Second, the key difference between a free market economy, and a corporatist command economy is the misallocation of capital by the central planning process. While mercantile economies can be hugely productive, the historic tendency in the long run has been toward the command economies — which allocate capital based on the preferences of the central planner — being out-innovated and out-grown by the dynamic free market economies, which allocate capital based on the spending preferences of consumers in the wider economy.

Third, these two facts taken together mean that the inherent long-term advantage of the free market system — and by implication, of the United States over the BRICs — has to some degree been eradicated. This means that the competition is now over who can run the most successful corporatist-mercantilist system. The BRIC nations, particularly China, are committed to domestic production and employment, to domestic supply chains and domestic resource strength.
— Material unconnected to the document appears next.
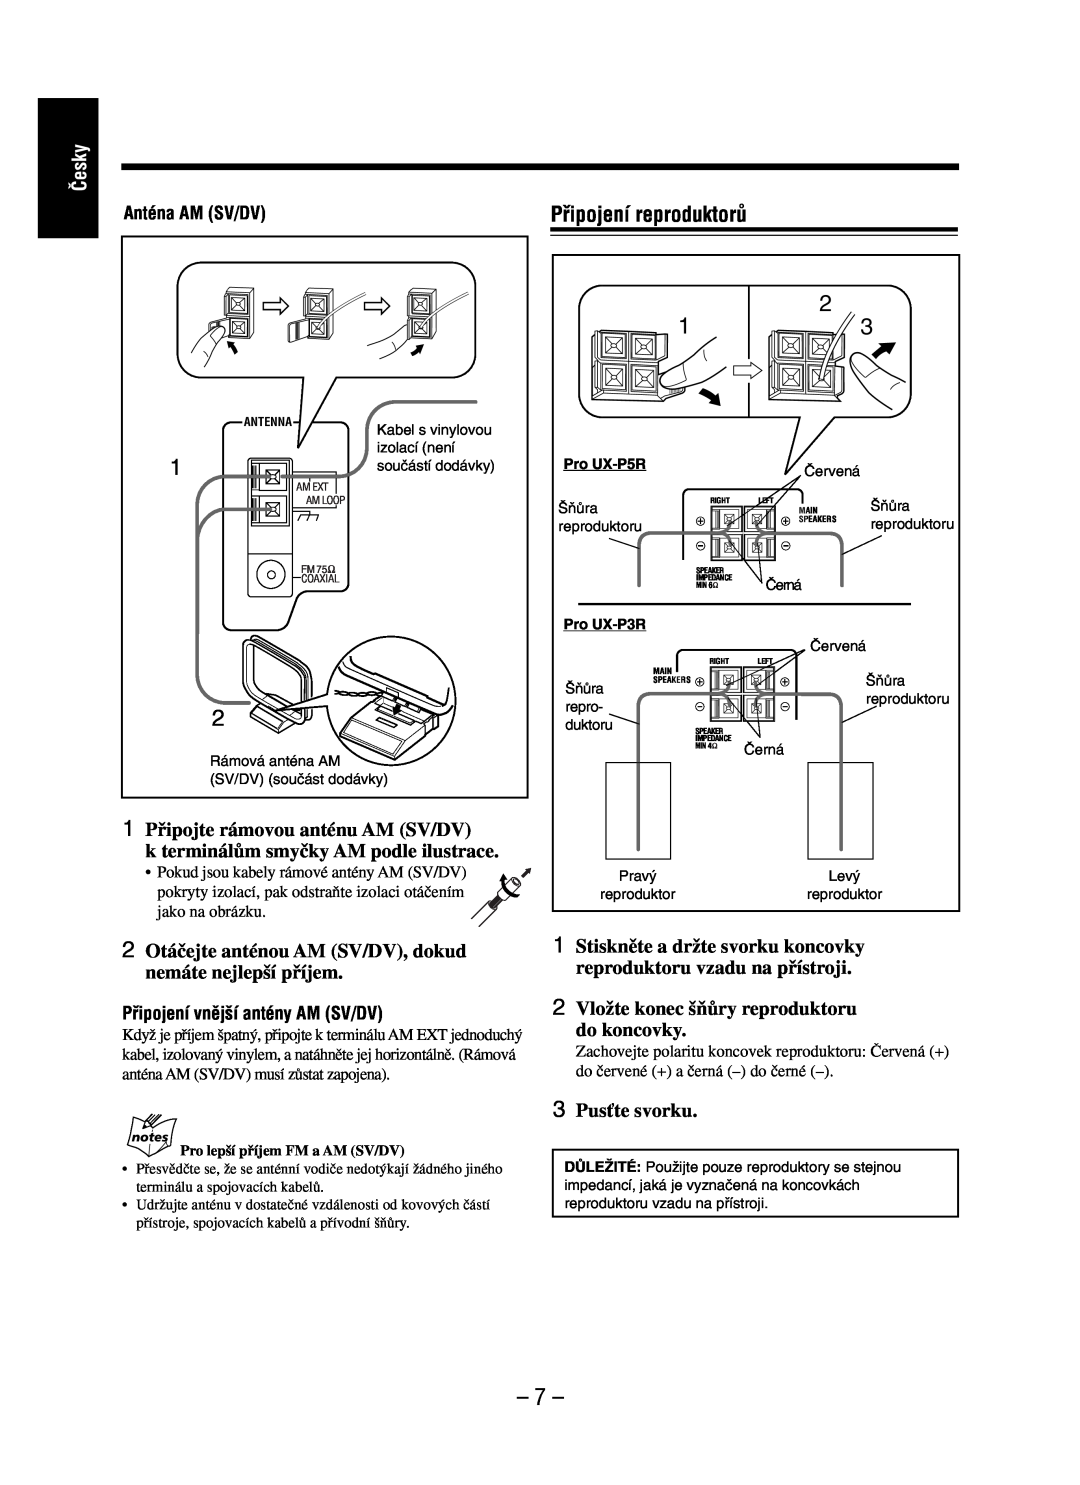 JVC UX-P3R manual Pﬁipojení reproduktorÛ, âesky, 1Pﬁipojte rámovou anténu AM SV/DV, k terminálÛm smyãky AM podle ilustrace 
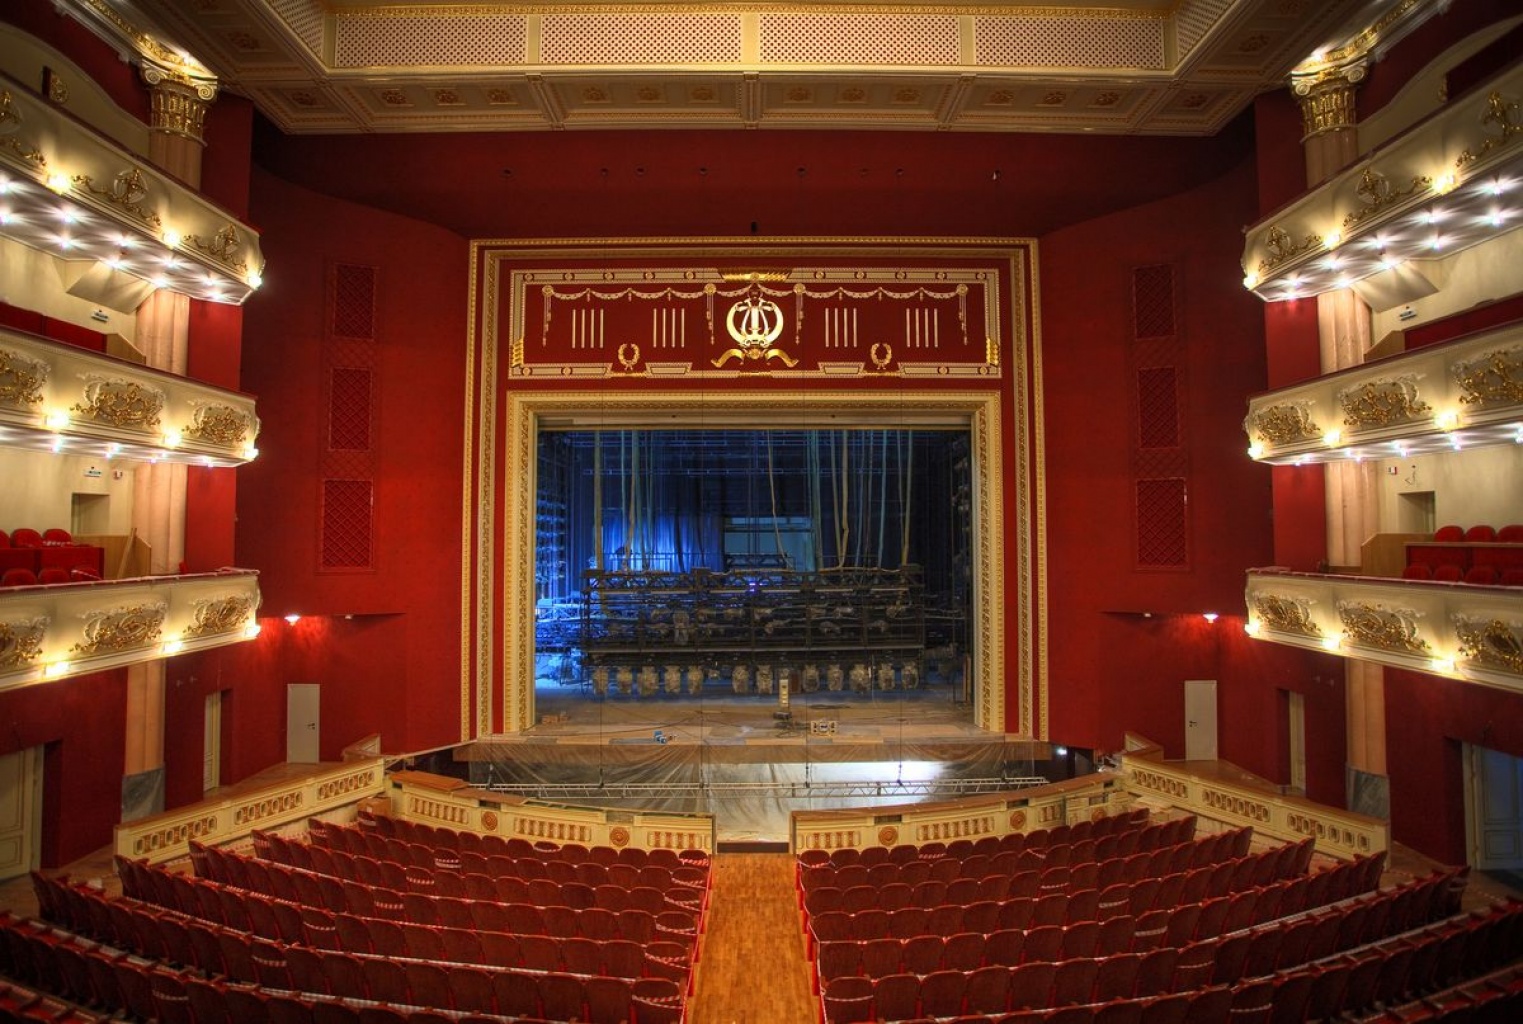 театр оперы и балета челябинск расположение мест в зале

America continues to largely ignore such factors, and allow its productive base to emigrate to other nations. And the production factor in which America still has some significant advantage — design, innovation, and inventions — has been eroded by the fact that the BRIC nations can easily appropriate American designs and innovations, because these designs are now being manufactured predominantly outside of America, and because of (American) communication technologies like the internet. This is the worst of both worlds for America. All of the disadvantages of mercantilism — the rent-seeking corporate-industrial complex, the misallocation of capital through central planning, the fragility of a centralised system — without the advantage of a strong domestic productive base.